Posted on: Tuesday, November 27, 2001

Island Voices
Education standards gaining

By Patricia Sasaki
Coordinator, Strategic Plan for Standards-based Reform

Standards-based education is predicated on the notion that every student can reach a higher level of achievement if those levels are clearly defined, if students know in advance the criteria for meeting them, and if teaching, learning and assessment are tailored to support the achievement of students who work hard.

In line with that notion, Hawai'i made content and performance standards for students both state law and Board of Education policy.

In 1998, however, a Performance Standards Review commission convened by law to assess the effectiveness of the performance standards reported:

• There is no overarching vision of performance standards as the central driving force to improve student learning.

• There has been no systematic implementation plan for the Hawai'i Content and Performance Standards.

• School-level implementation has been haphazard, resulting in uneven quality and effort.

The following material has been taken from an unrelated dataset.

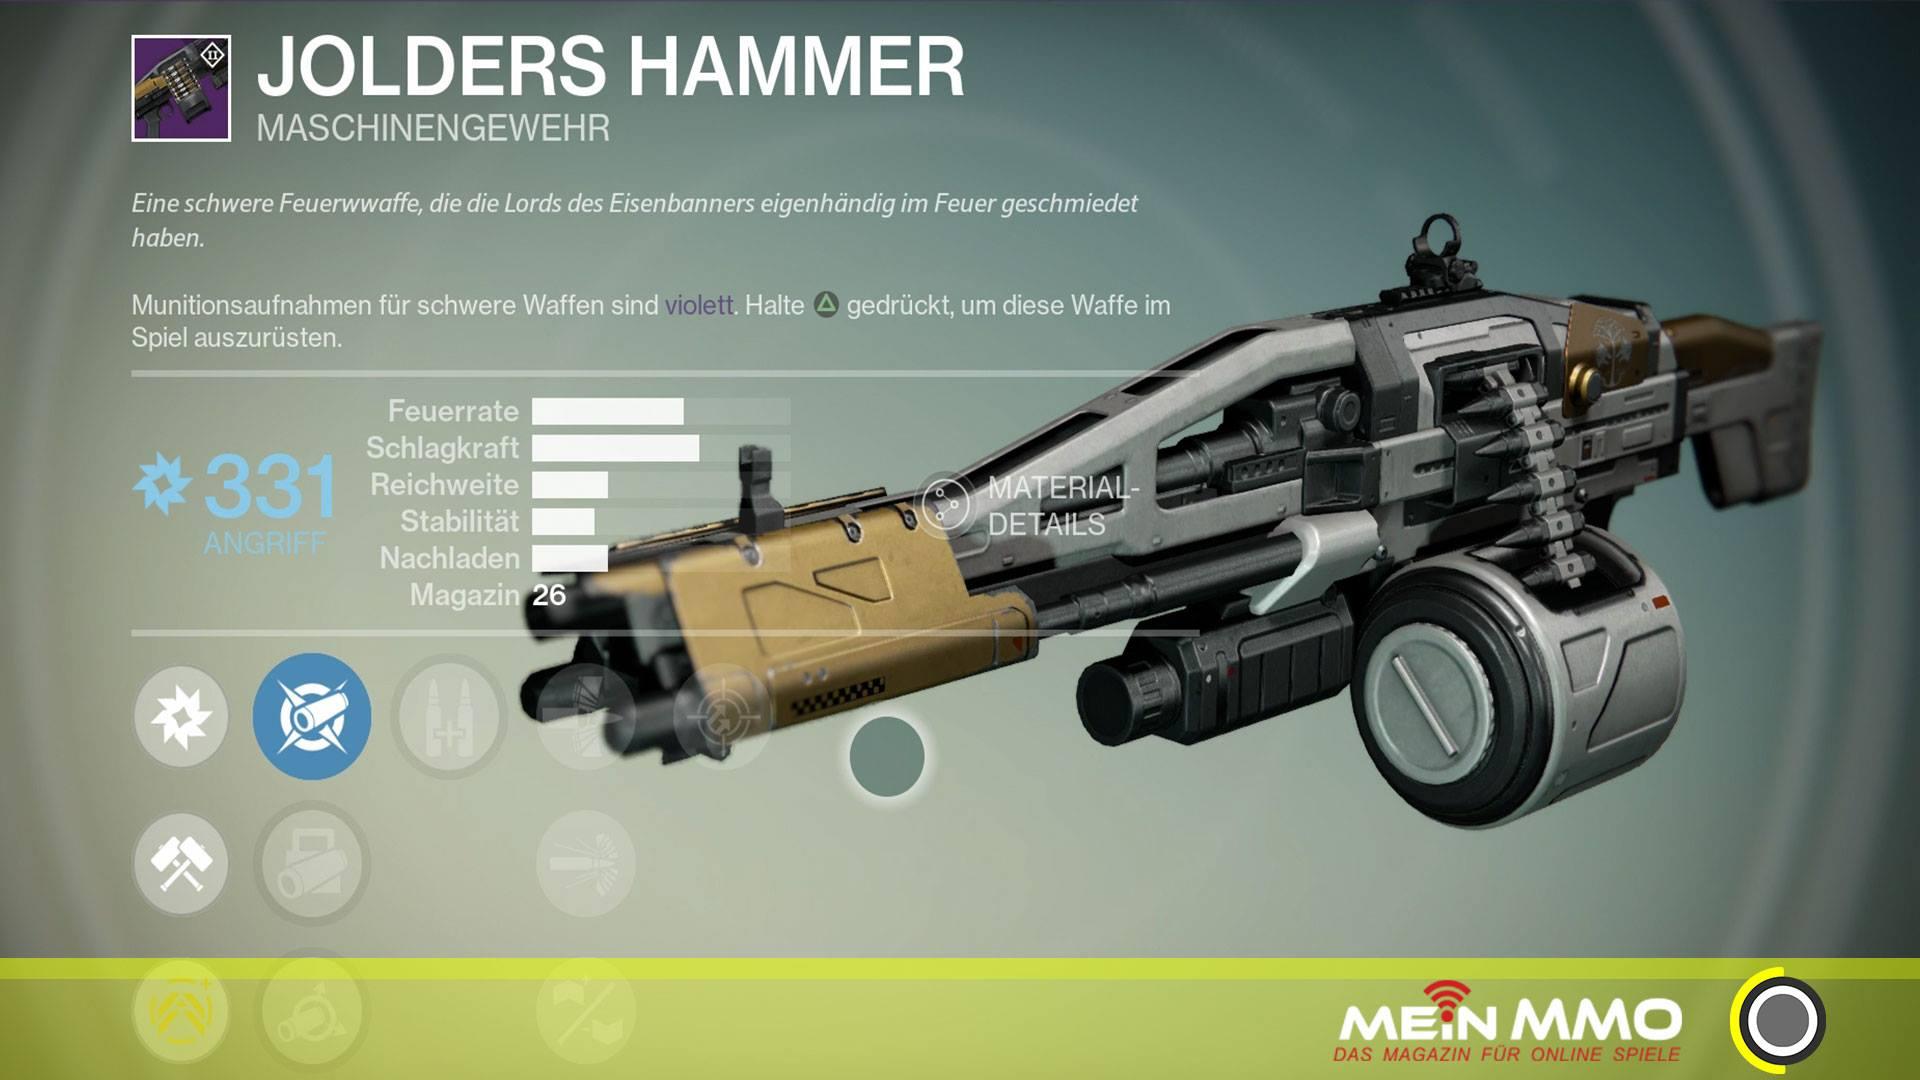 Jolders-Hammer-Destiny-017

• A statewide assessment system is lacking.

Commissioners asked educators how they were using the 385-page book containing the standards. One honestly replied, "Oh, I use it for a paperweight."

So what has happened since 1998?

Paul LeMahieu.

As superintendent, his mantra was, "All children can learn to high standards. Standards will be at the core of everything we do."

He showed us that standards are not the latest bandwagon project or another flavor-of-the-month program. It's a way of thinking, an attitude, a belief system.

All children can learn means no child fails — it's our responsibility, all of us, to see to that. Once we begin to implement standards, naturally, we need to measure or assess how well we're meeting them, and then be accountable for the results.

Furthermore, common sense dictates that we can't expect teachers and schools to implement standards without reforming the environment they work in, which has been oriented toward traditional education (remember the bell curve? Twenty-three percent are expected to underachieve or fail), for over 100 years.

Since 1998, we've made progress to implement standards on several fronts:

• The Hawai'i Content and Performance Standards have been revised. They're more user-friendly, incorporate national standards, and have met the test of rigor by an external expert contracted by the office of the state auditor.

• Over 50 percent of the statewide assessment now includes items that measure student achievement standards. Twenty-six school assessment liaisons throughout the system assist teachers with classroom assessment of the standards.

• The Strategic Plan for Standards-based Reform outlines 126 action items — tasks and strategies needed to change the Department of Education system from traditional to standards-based. As of October, 91 have been completed or are in progress, 19 are delayed, and the rest have future deadlines.

• A Standards Implementation Design engages whole school communities in integrating their curriculum, instructional strategies, training and use of resources to ensure that all of their students meet the standards. Every school will have its Standards Implementation Design completed by December.

But implementation of the standards is not uniform. In the sea of standards, some teachers, students, parents, administrators, even whole schools are demonstrating that they are nothing less than Olympic-quality contenders. Others resemble the steady and sure progress of long-distance swimmers. Many are treading water and struggle daily to get the hang of it. Some have just recently waded in.

The miracle of Paul LeMahieu is that we're all at the same shore, looking in the same direction, sharing the same attitude, and envisioning the same destination for all of our students. Since 1998 we've moved the standards from paperweight to pilgrimage. We'd be failing the children and ourselves if we turn away from this journey now.